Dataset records
Content starts

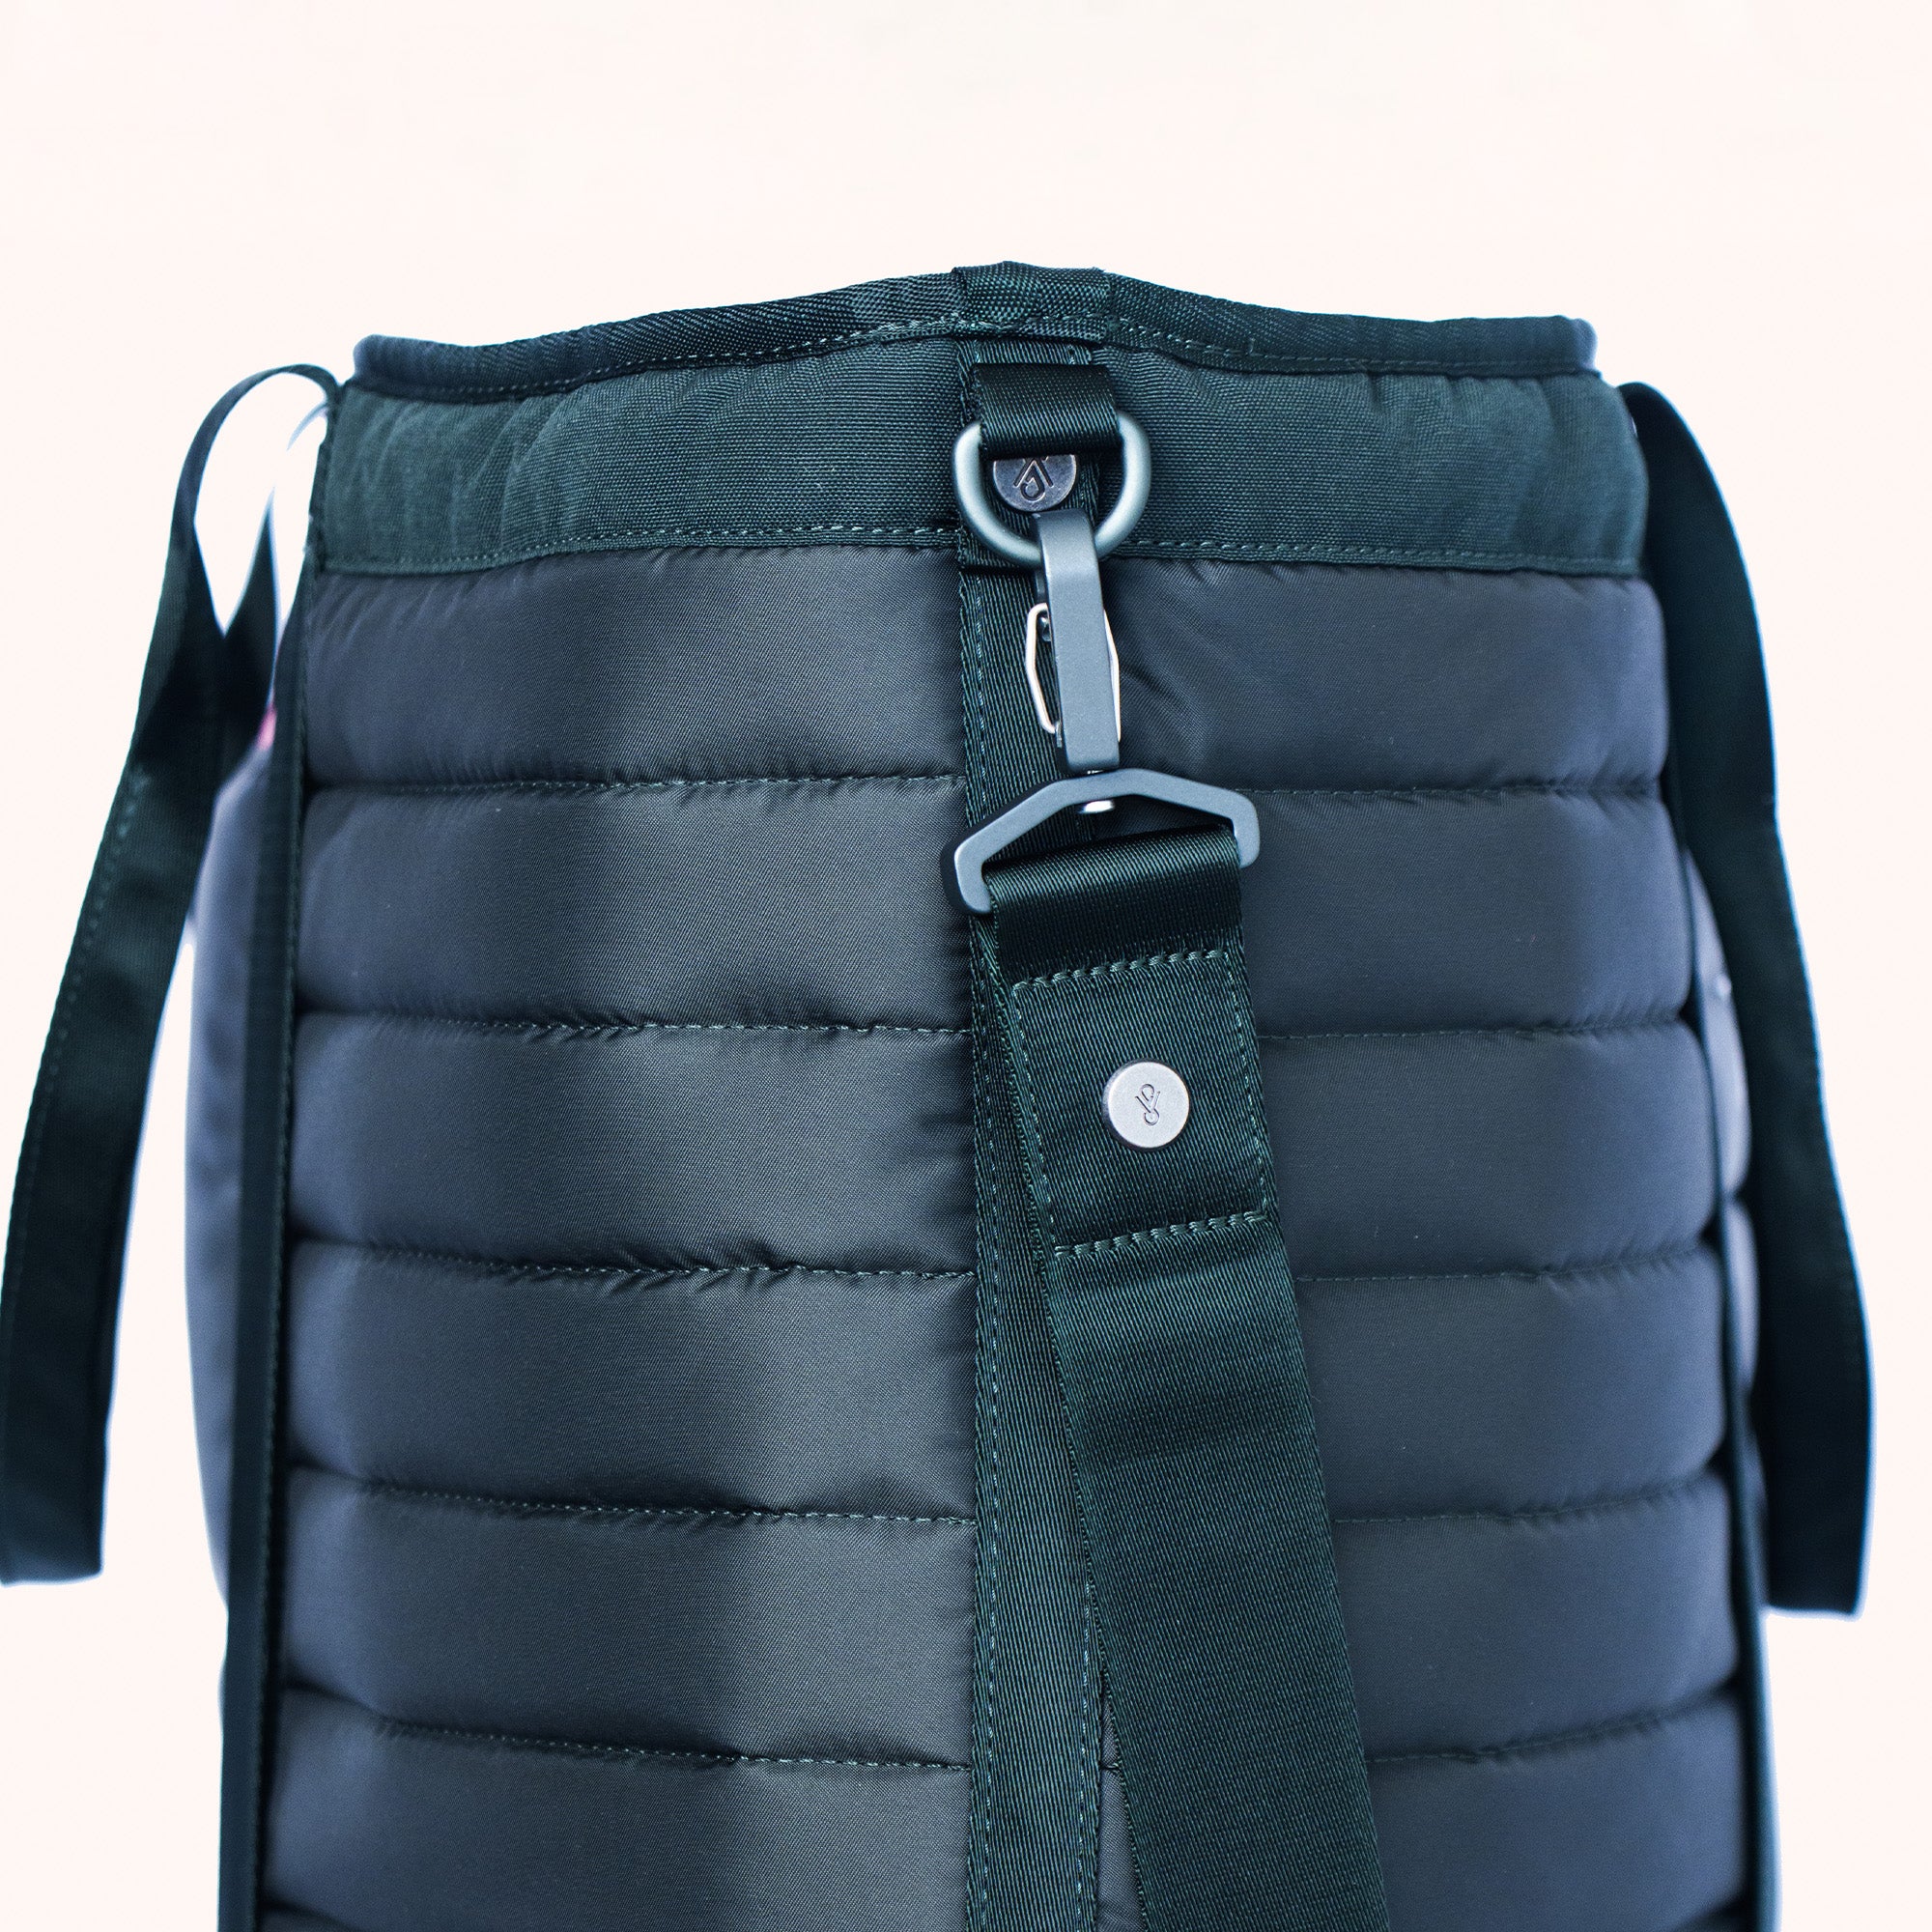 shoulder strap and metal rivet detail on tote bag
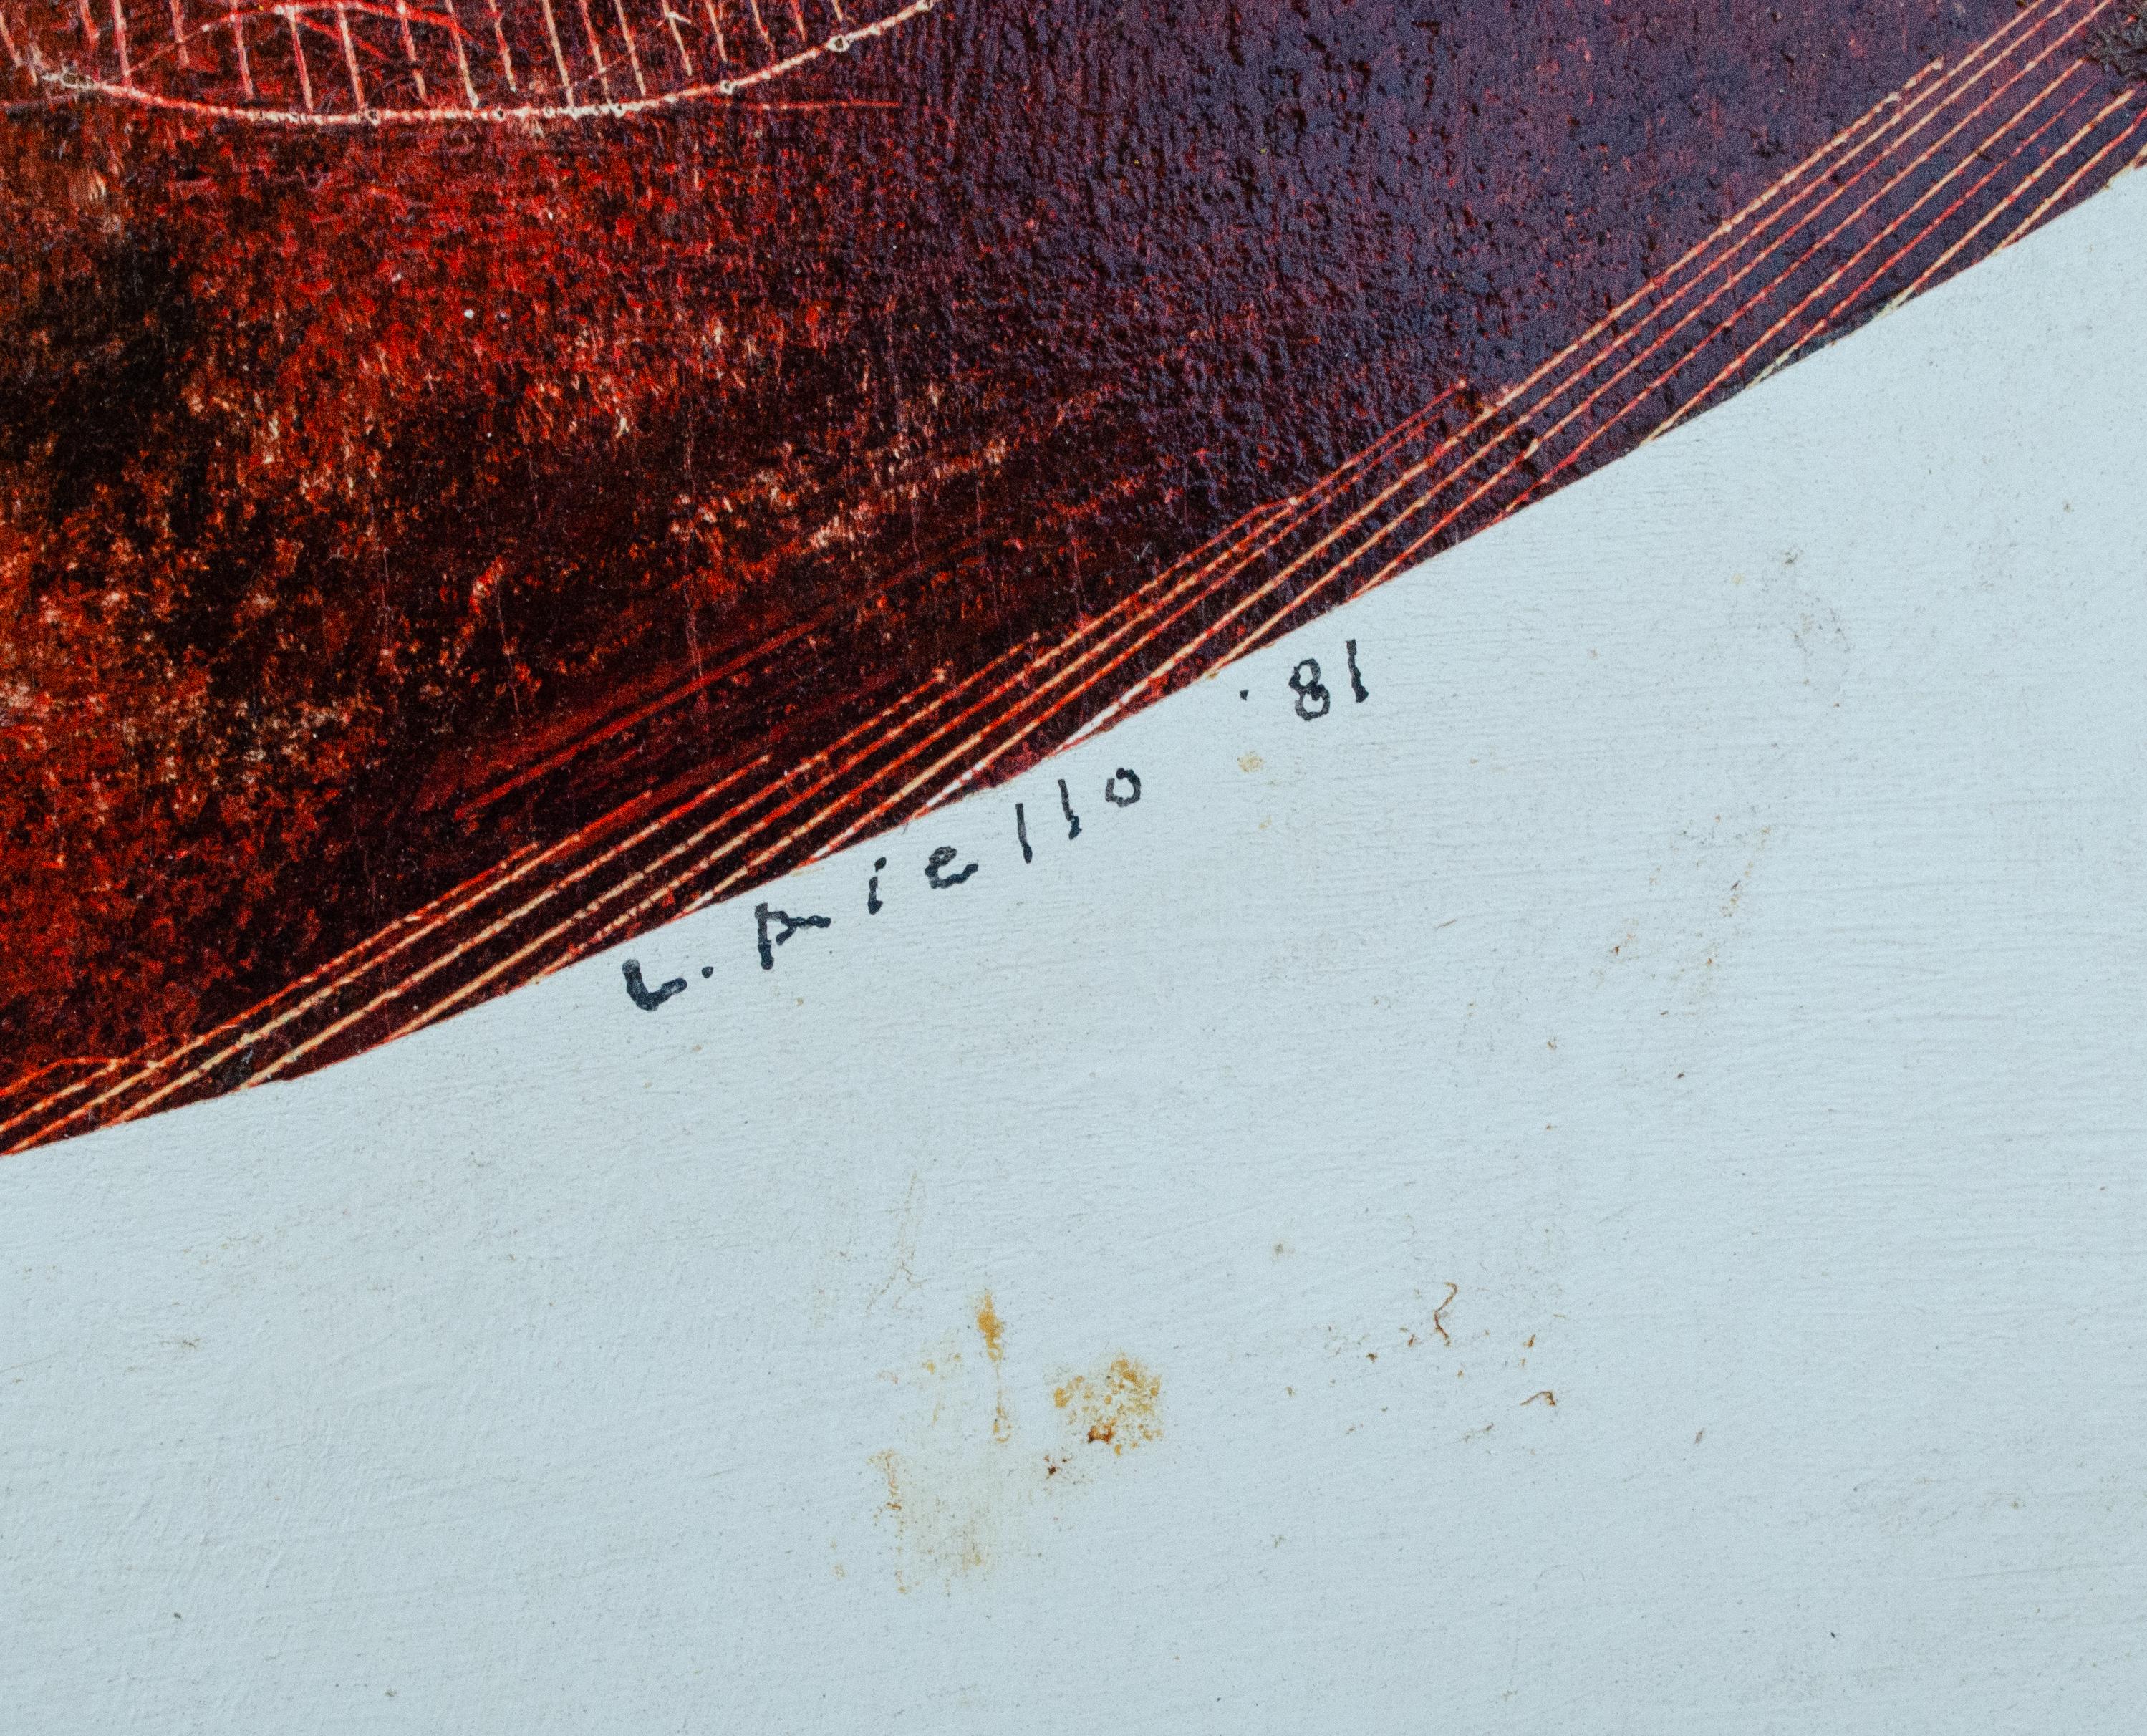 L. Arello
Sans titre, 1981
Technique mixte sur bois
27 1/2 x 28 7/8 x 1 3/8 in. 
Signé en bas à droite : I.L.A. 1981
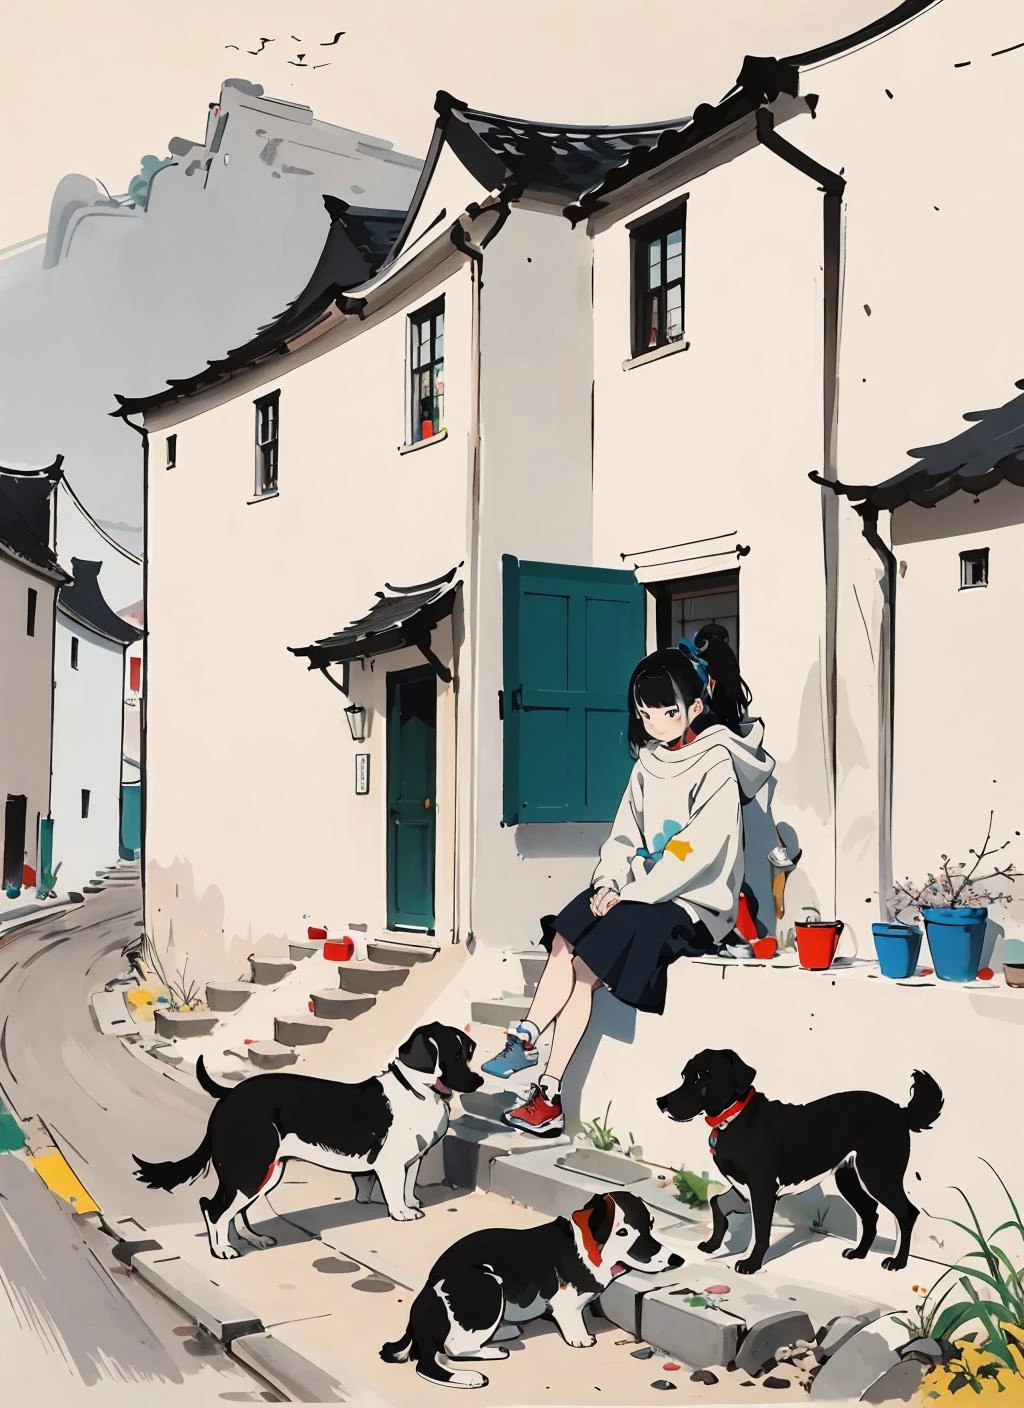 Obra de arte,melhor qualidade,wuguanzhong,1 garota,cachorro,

Content ends

| PROBLEM DESCRIPTION |
Retype each entry exactly. No pictures.

| EXPECTED ANSWER |
 shoulder strap and metal rivet detail on tote bag
 L. Arello
Sans titre, 1981
Technique mixte sur bois
27 1/2 x 28 7/8 x 1 3/8 in. 
Signé en bas à droite : I.L.A. 1981
 Obra de arte,melhor qualidade,wuguanzhong,1 garota,cachorro,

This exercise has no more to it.